### [PROBLEM STATEMENT]
Set the listing down again in full, word for word, with the pictures left out.

### [MATERIAL PROVIDED]
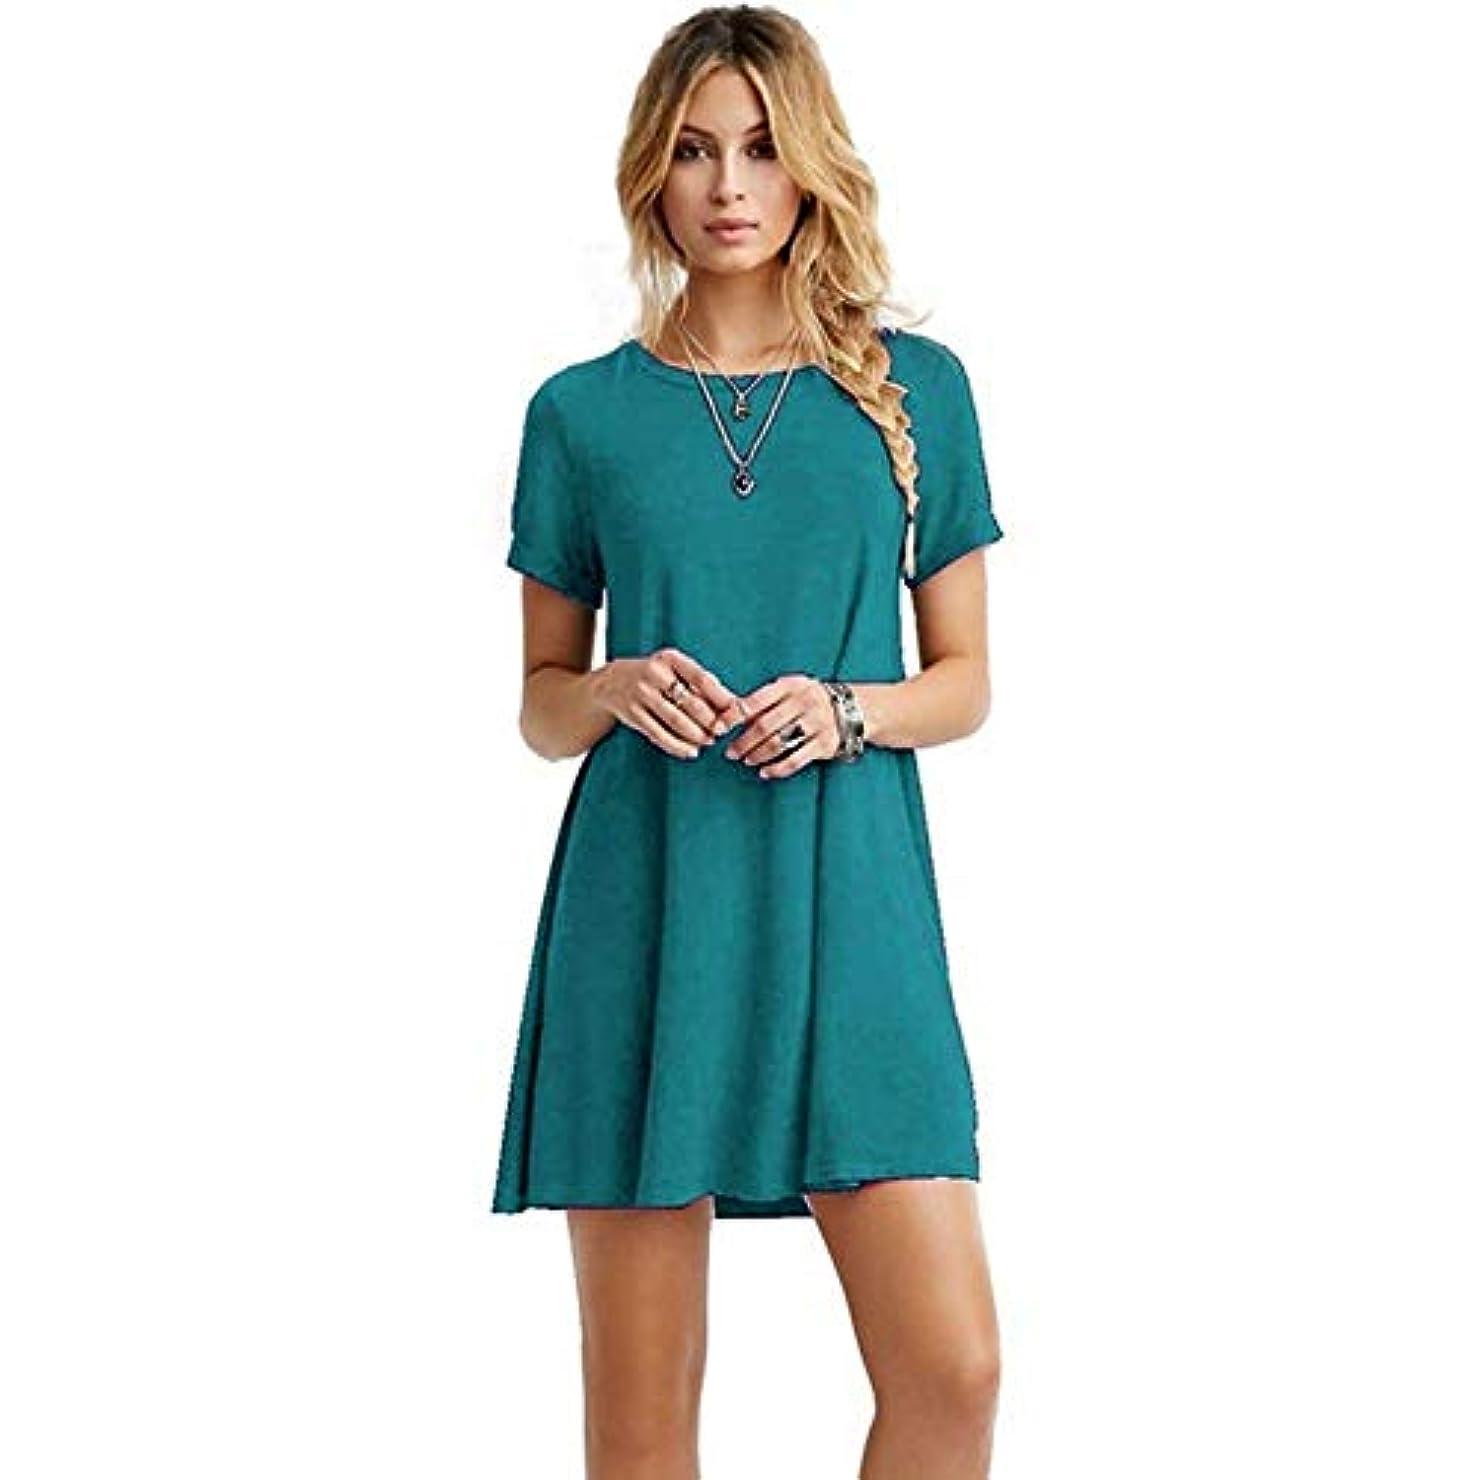 花瓶ディプロマ寸法MIFAN の女性のドレスカジュアルな不規則なドレスルースサマービーチTシャツドレス
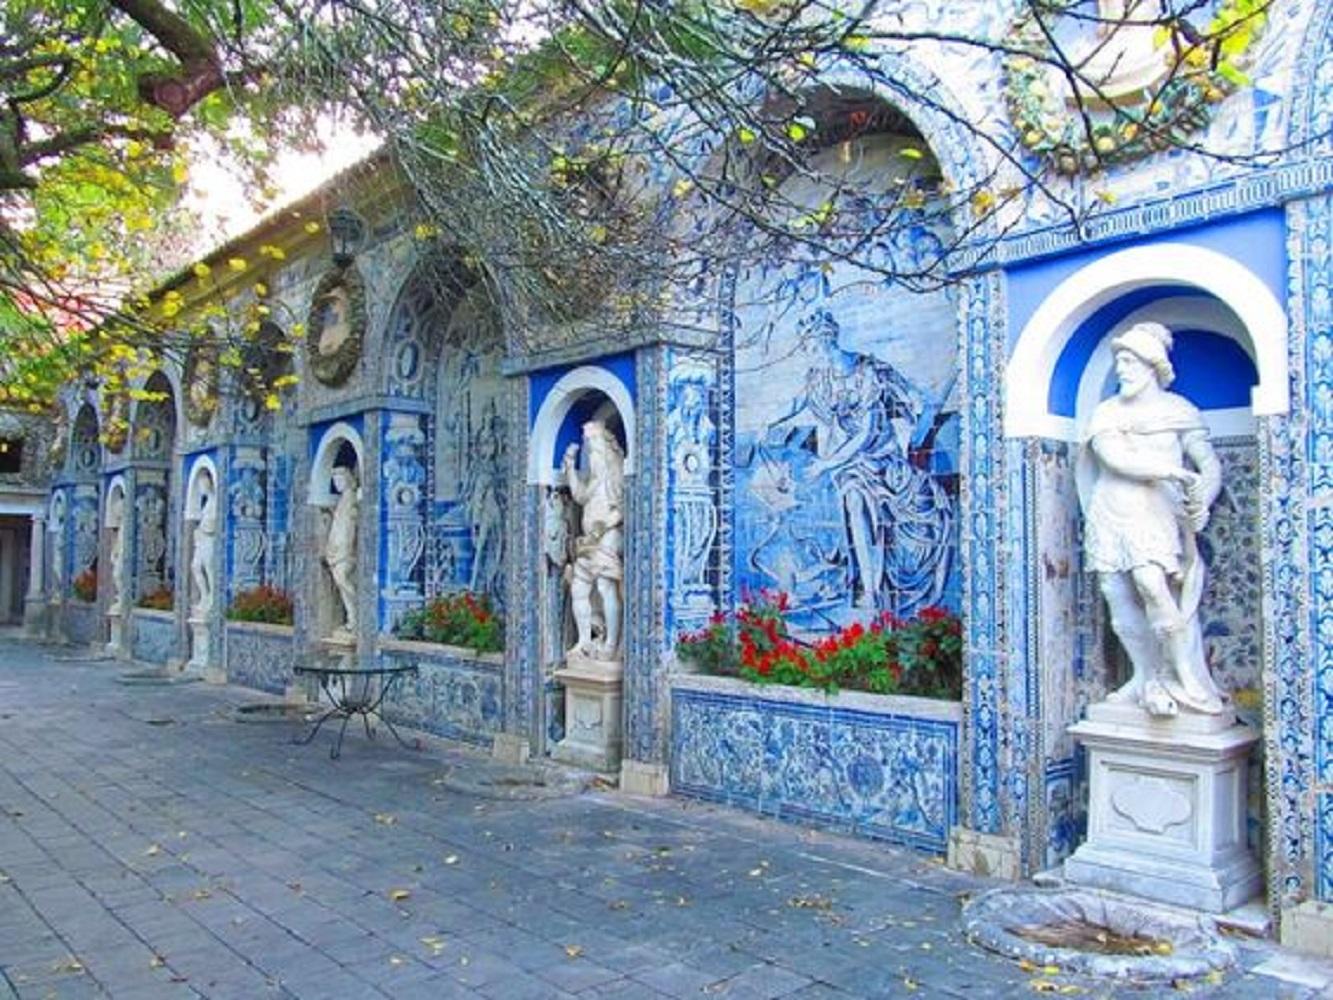 Palácio Fronteira - Tiles
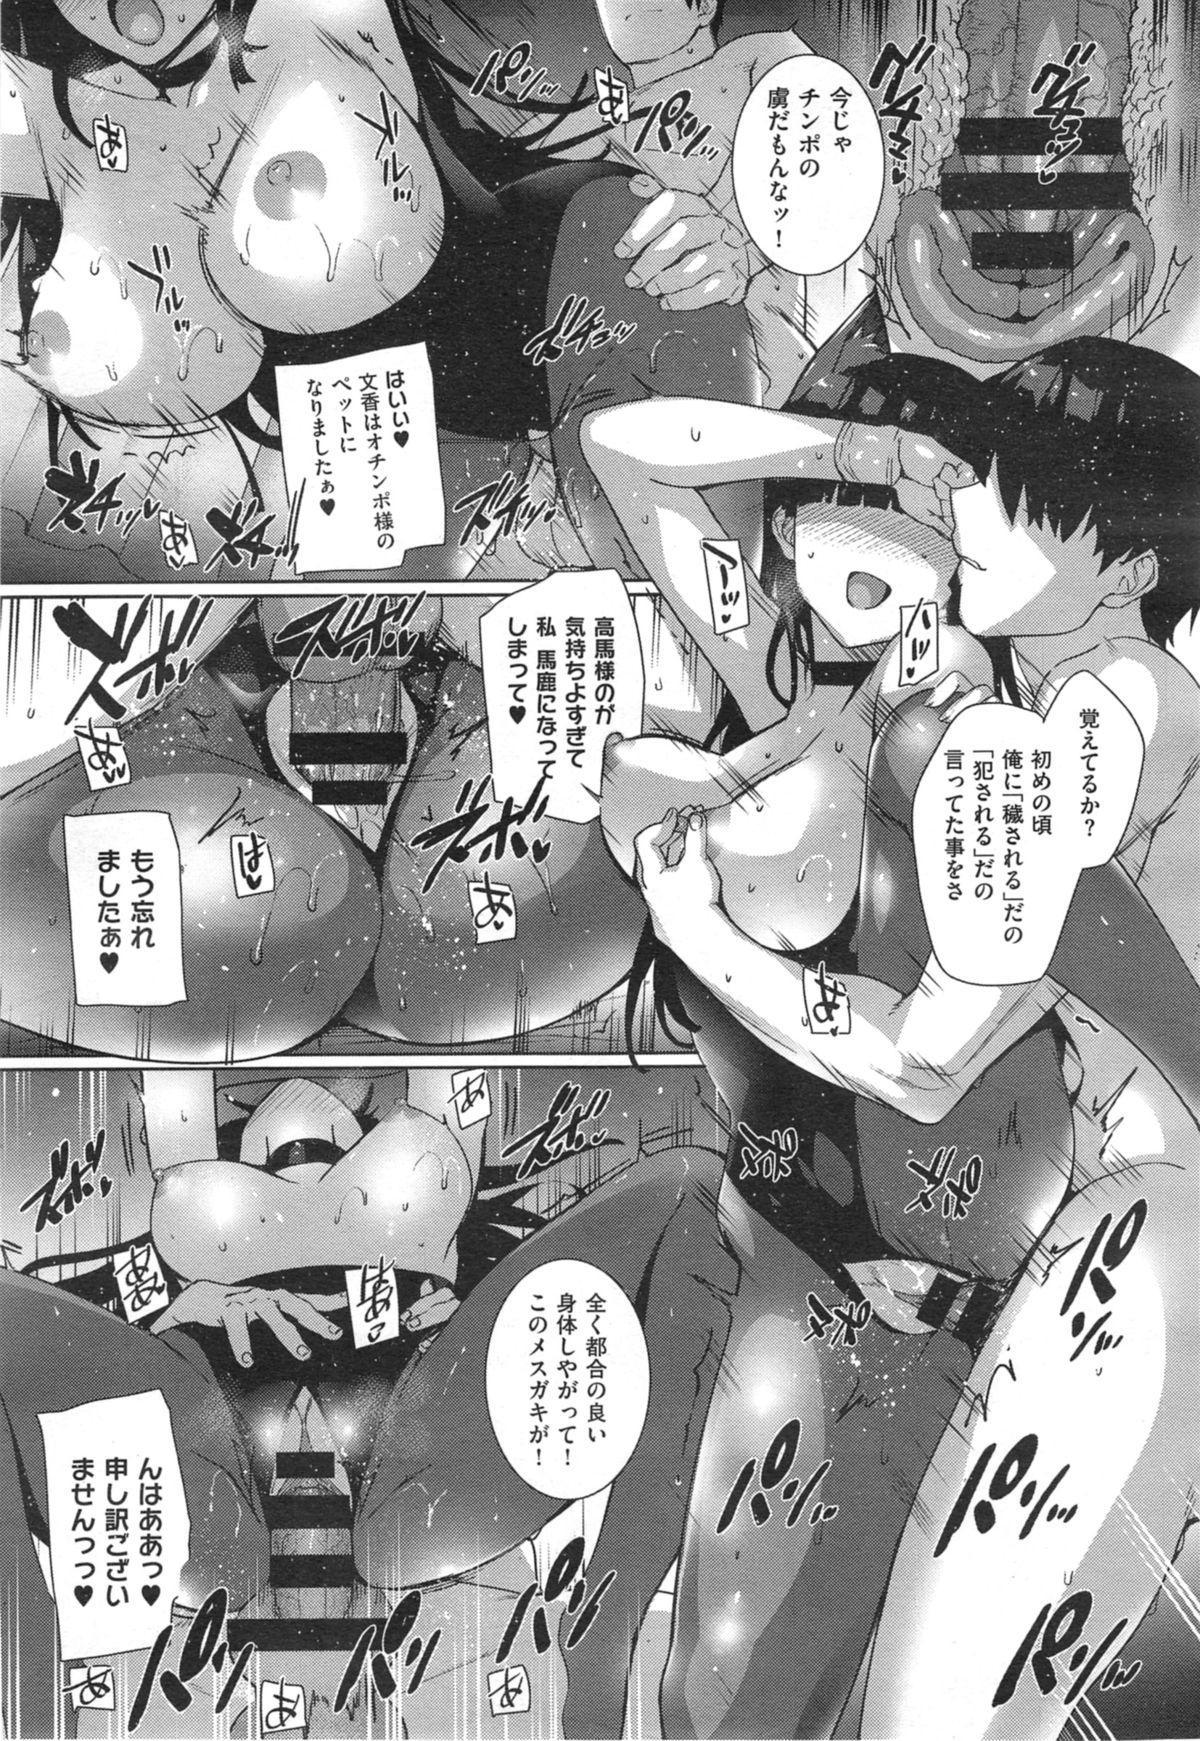 shiramine hibiki no ryoukannisshi 52
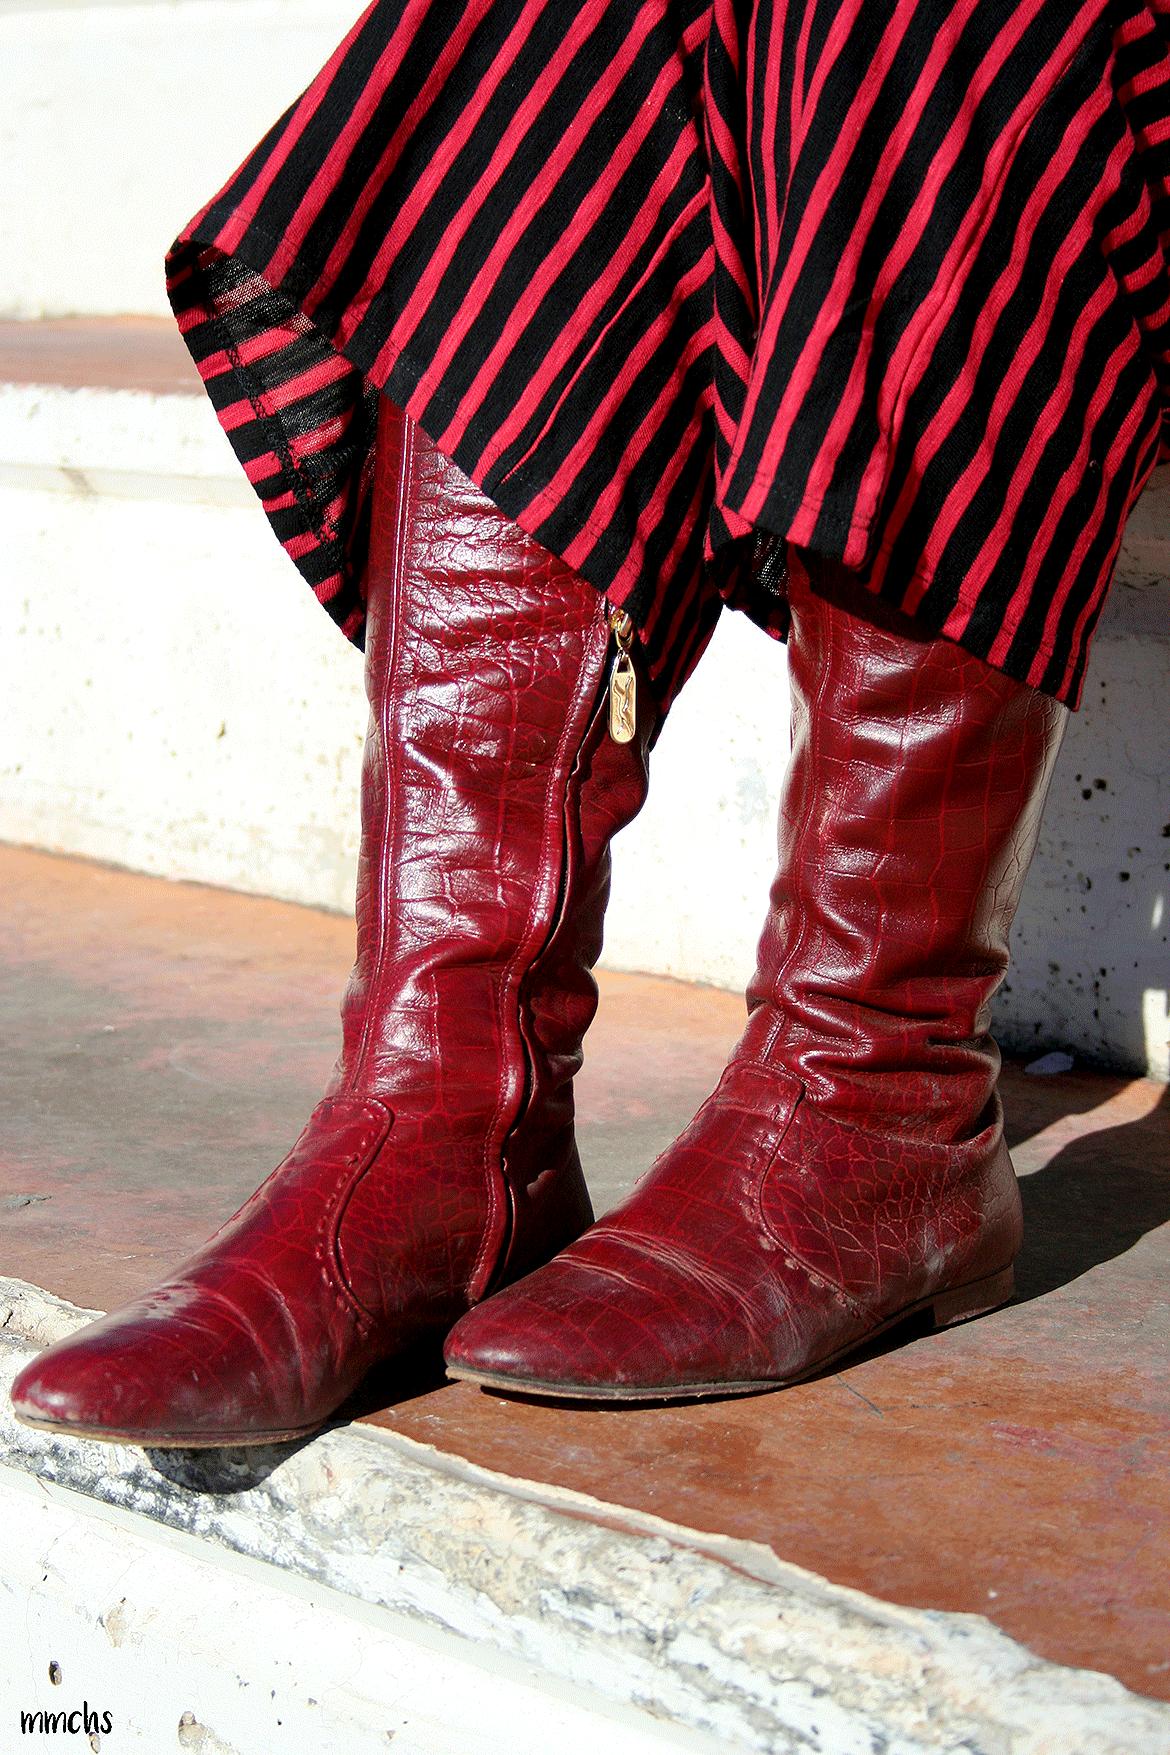 botas rojas altas de mujer

### [PROBLEM SOLUTION]
 花瓶ディプロマ寸法MIFAN の女性のドレスカジュアルな不規則なドレスルースサマービーチTシャツドレス
 Palácio Fronteira - Tiles
 shiramine hibiki no ryoukannisshi 52
 botas rojas altas de mujer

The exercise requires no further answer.